Correlation Between Federated Global and Locorr Hedged
Can any of the company-specific risk be diversified away by investing in both Federated Global and Locorr Hedged at the same time? Although using a correlation coefficient on its own may not help to predict future stock returns, this module helps to understand the diversifiable risk of combining Federated Global and Locorr Hedged into the same portfolio, which is an essential part of the fundamental portfolio management process.
By analyzing existing cross correlation between Federated Global Allocation and Locorr Hedged Core, you can compare the effects of market volatilities on Federated Global and Locorr Hedged and check how they will diversify away market risk if combined in the same portfolio for a given time horizon. You can also utilize pair trading strategies of matching a long position in Federated Global with a short position of Locorr Hedged. Check out your portfolio center. Please also check ongoing floating volatility patterns of Federated Global and Locorr Hedged.
Diversification Opportunities for Federated Global and Locorr Hedged
0.12 | Correlation Coefficient |
Average diversification
The 3 months correlation between Federated and Locorr is 0.12. Overlapping area represents the amount of risk that can be diversified away by holding Federated Global Allocation and Locorr Hedged Core in the same portfolio, assuming nothing else is changed. The correlation between historical prices or returns on Locorr Hedged Core and Federated Global is a relative statistical measure of the degree to which these equity instruments tend to move together. The correlation coefficient measures the extent to which returns on Federated Global Allocation are associated (or correlated) with Locorr Hedged. Values of the correlation coefficient range from -1 to +1, where. The correlation of zero (0) is possible when the price movement of Locorr Hedged Core has no effect on the direction of Federated Global i.e., Federated Global and Locorr Hedged go up and down completely randomly.
Pair Corralation between Federated Global and Locorr Hedged
Assuming the 90 days horizon Federated Global is expected to generate 1.93 times less return on investment than Locorr Hedged. In addition to that, Federated Global is 1.08 times more volatile than Locorr Hedged Core. It trades about 0.1 of its total potential returns per unit of risk. Locorr Hedged Core is currently generating about 0.21 per unit of volatility. If you would invest 946.00 in Locorr Hedged Core on October 25, 2024 and sell it today you would earn a total of 20.00 from holding Locorr Hedged Core or generate 2.11% return on investment over 90 days.
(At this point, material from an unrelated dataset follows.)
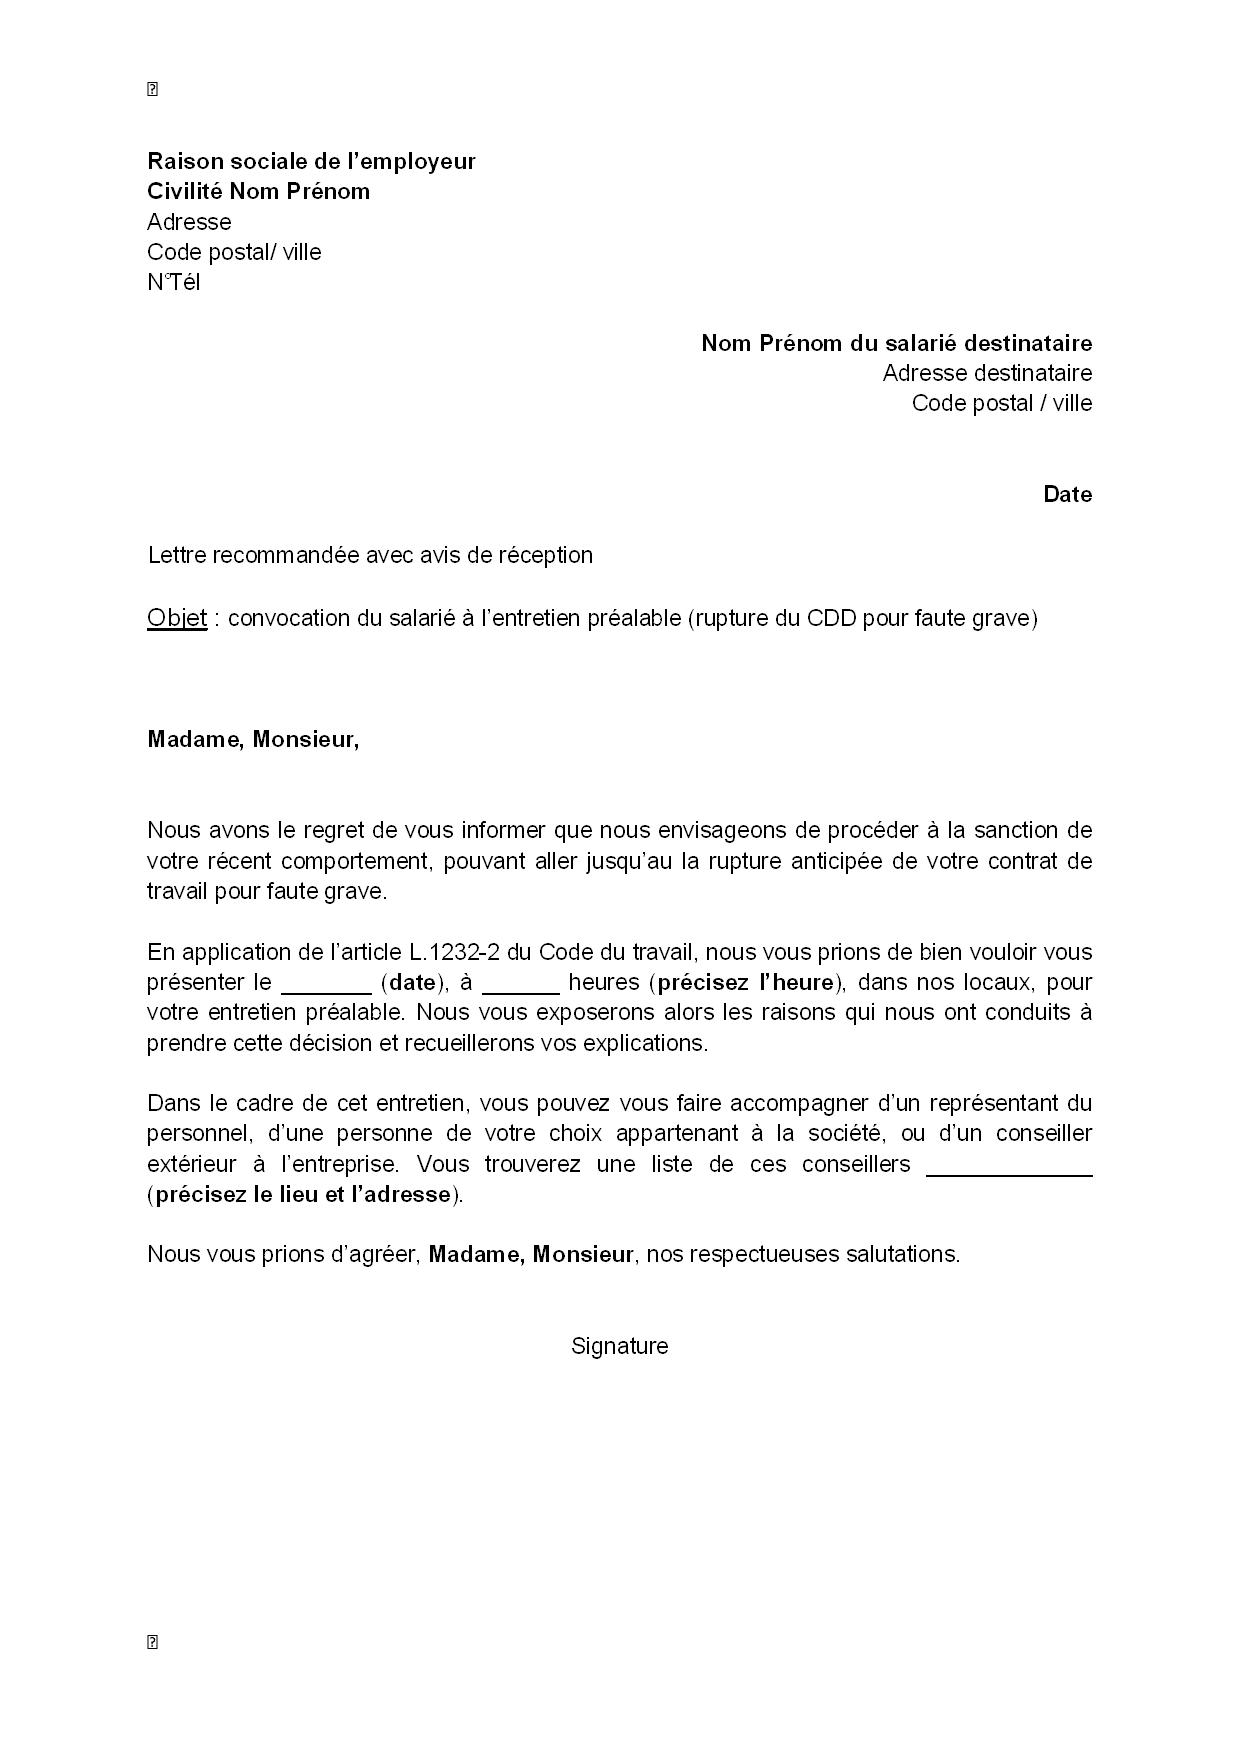 exemple gratuit de lettre convocation salari u00e9  u00e0 entretien

Time Period | 3 Months [change] |
Direction | Moves Together |
Strength | Insignificant |
Accuracy | 94.74% |
Values | Daily Returns |
Federated Global Allocation vs. Locorr Hedged Core
Performance |
Timeline |
Federated Global All |
Locorr Hedged Core |
Federated Global and Locorr Hedged Volatility Contrast
Predicted Return Density |
Returns |
Pair Trading with Federated Global and Locorr Hedged
The main advantage of trading using opposite Federated Global and Locorr Hedged positions is that it hedges away some unsystematic risk. Because of two separate transactions, even if Federated Global position performs unexpectedly, Locorr Hedged can make up some of the losses. Pair trading also minimizes risk from directional movements in the market. For example, if an entire industry or sector drops because of unexpected headlines, the short position in Locorr Hedged will offset losses from the drop in Locorr Hedged's long position.Federated Global vs. Federated Max Cap Index | Federated Global vs. Federated Kaufmann Fund | Federated Global vs. Federated Strategic Income | Federated Global vs. Federated Bond Fund |
Locorr Hedged vs. Transamerica Large Cap | Locorr Hedged vs. Tax Managed Large Cap | Locorr Hedged vs. Qs Large Cap | Locorr Hedged vs. Avantis Large Cap |
Check out your portfolio center.Note that this page's information should be used as a complementary analysis to find the right mix of equity instruments to add to your existing portfolios or create a brand new portfolio. You can also try the Equity Valuation module to check real value of public entities based on technical and fundamental data.